La femme acquiesça, et de manière tout à fait inattendue, le petit garçon me lança : « Avez-vous vu Sévéra ? » Sa mère se tourna vers lui à une telle vitesse qu’elle me fit penser à maître Gurloes en train de faire une démonstration de prise, de celles que l’on utilise à l’encontre des prisonniers récalcitrants. J’entendis la gifle plus que je ne la vis, et le gamin se mit à crier. Sa mère lui barra le chemin de la porte, et il alla se réfugier derrière un coffre, dans le coin opposé de la pièce. Je compris alors, ou crus comprendre, que Sévéra était une fille ou une femme qu’elle pensait être plus vulnérable qu’elle-même et à qui elle avait ordonné de se cacher (probablement dans le grenier, sous le toit de chaume), avant de me laisser entrer. Je me dis cependant que je perdrais mon temps à protester de mes bonnes intentions, car si cette femme était ignorante, elle n’était pas sotte ; la meilleure façon de gagner sa confiance était encore de la mériter. Je commençai donc par dire que je me laverais avec plaisir et que j’irais volontiers chercher de l’eau pour la faire un peu chauffer sur le feu, si elle pouvait m’indiquer où se trouvait la source ou le ruisseau.

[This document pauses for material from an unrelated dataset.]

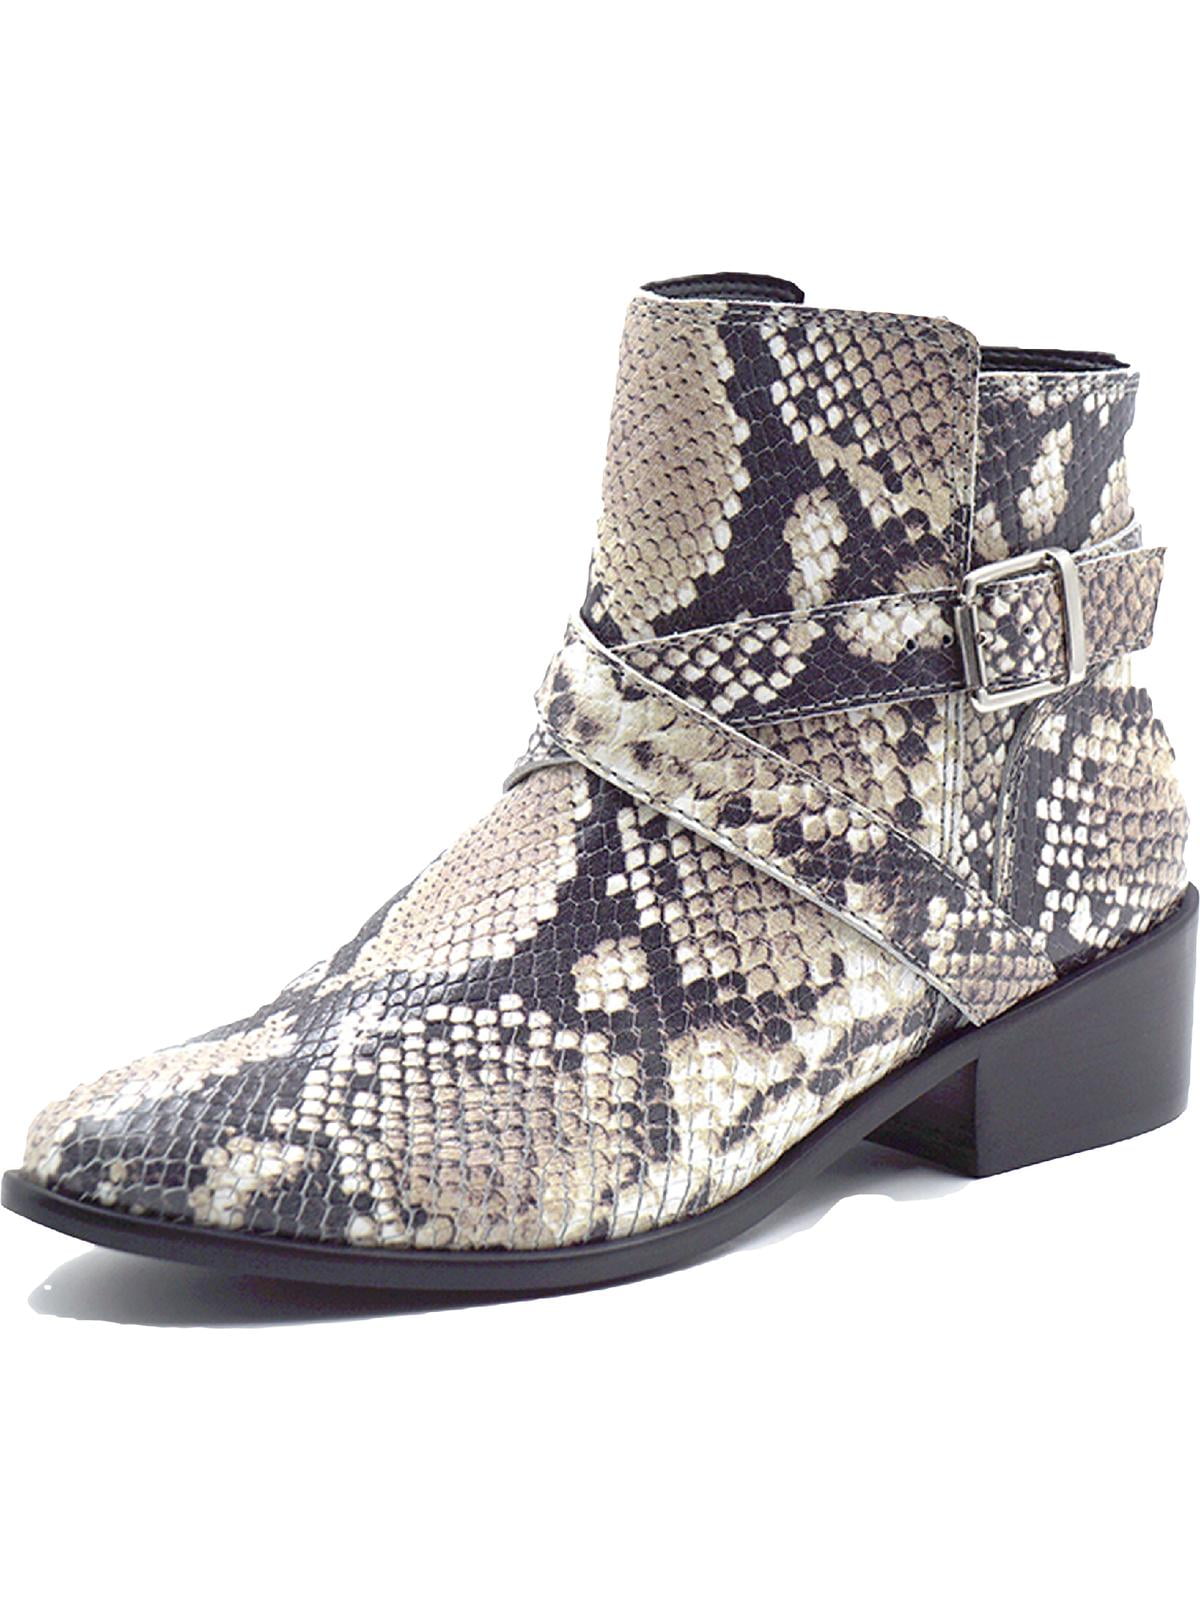 KAANAS Womens Albarola Leather Almond Toe Ankle Boots - Walmart.com
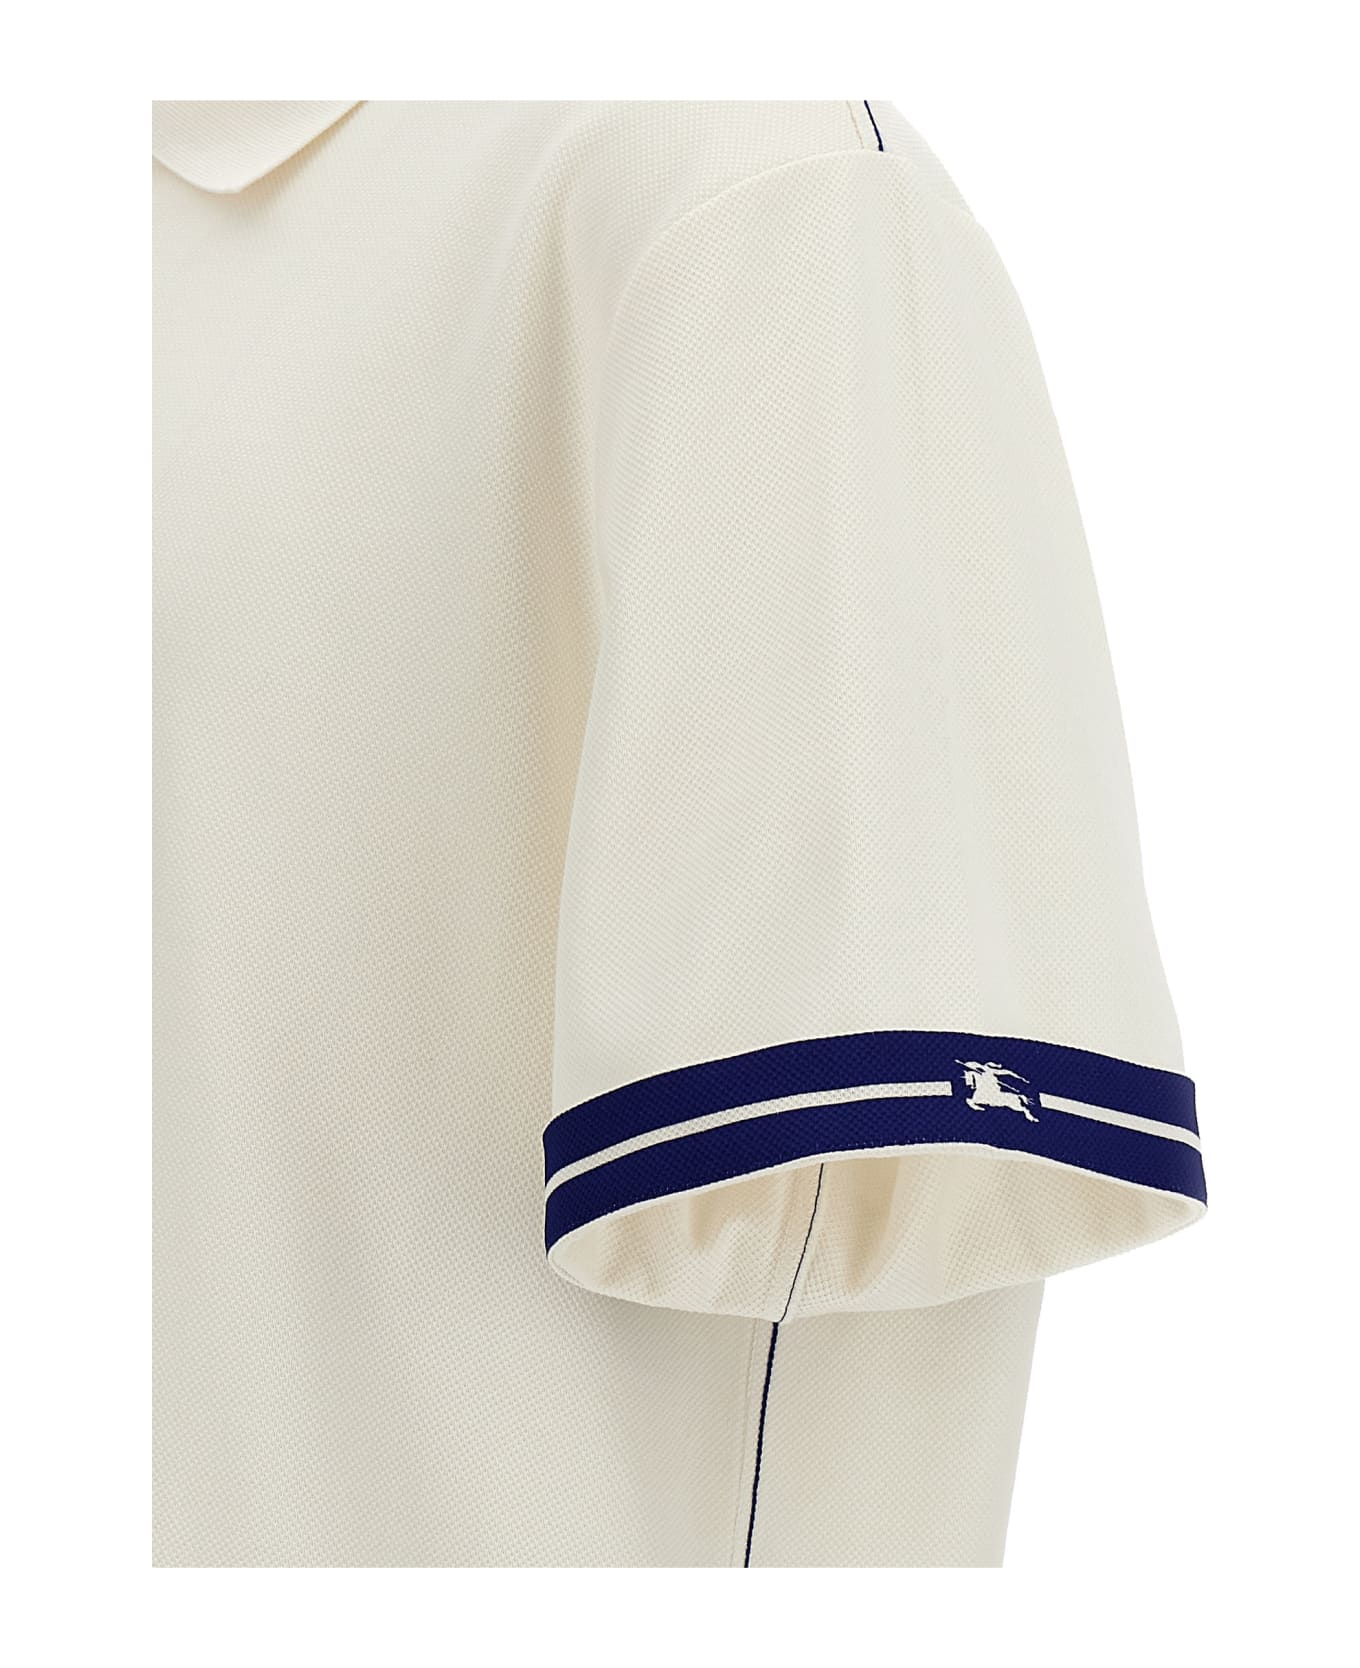 Burberry 'ekd' Polo Shirt - White ポロシャツ

Elle me donna un récipient et m’expliqua où se trouvait leur point d’eau.

Je me suis trouvé à plusieurs reprises dans des lieux que les conventions littéraires font passer pour romantiques – au sommet de hautes tours, dans les entrailles de la planète, dans des palais somptueux, dans des jungles, à bord de vaisseaux, mais aucun d’eux, cependant, ne m’a autant affecté que cette pauvre masure de pierre. Elle me paraissait être l’archétype de ces grottes dans lesquelles, comme l’enseignent les érudits, l’humanité s’était réfugiée quand les civilisations atteignaient le point le plus bas de leurs cycles. À chaque fois que j’ai lu la description d’une retraite rustique idyllique (c’était une idée qui plaisait beaucoup à Thècle) il n’était question que de sa propreté et de l’ordre qui y régnait. Il y avait un semis de menthe en dessous de la fenêtre, quelques cordes de bois bien rangées le long du mur le plus froid, une dalle en pierre brillante comme seuil, et ainsi de suite. Il n’y avait rien de tout cela, ici, et cette chaumière était bien loin de cet idéal ; pourtant, elle avait plus de perfection par ses imperfections mêmes, en ce qu’elle montrait que des êtres humains pouvaient vivre et aimer en un lieu aussi retiré sans pour autant être capables de faire de leur demeure un poème.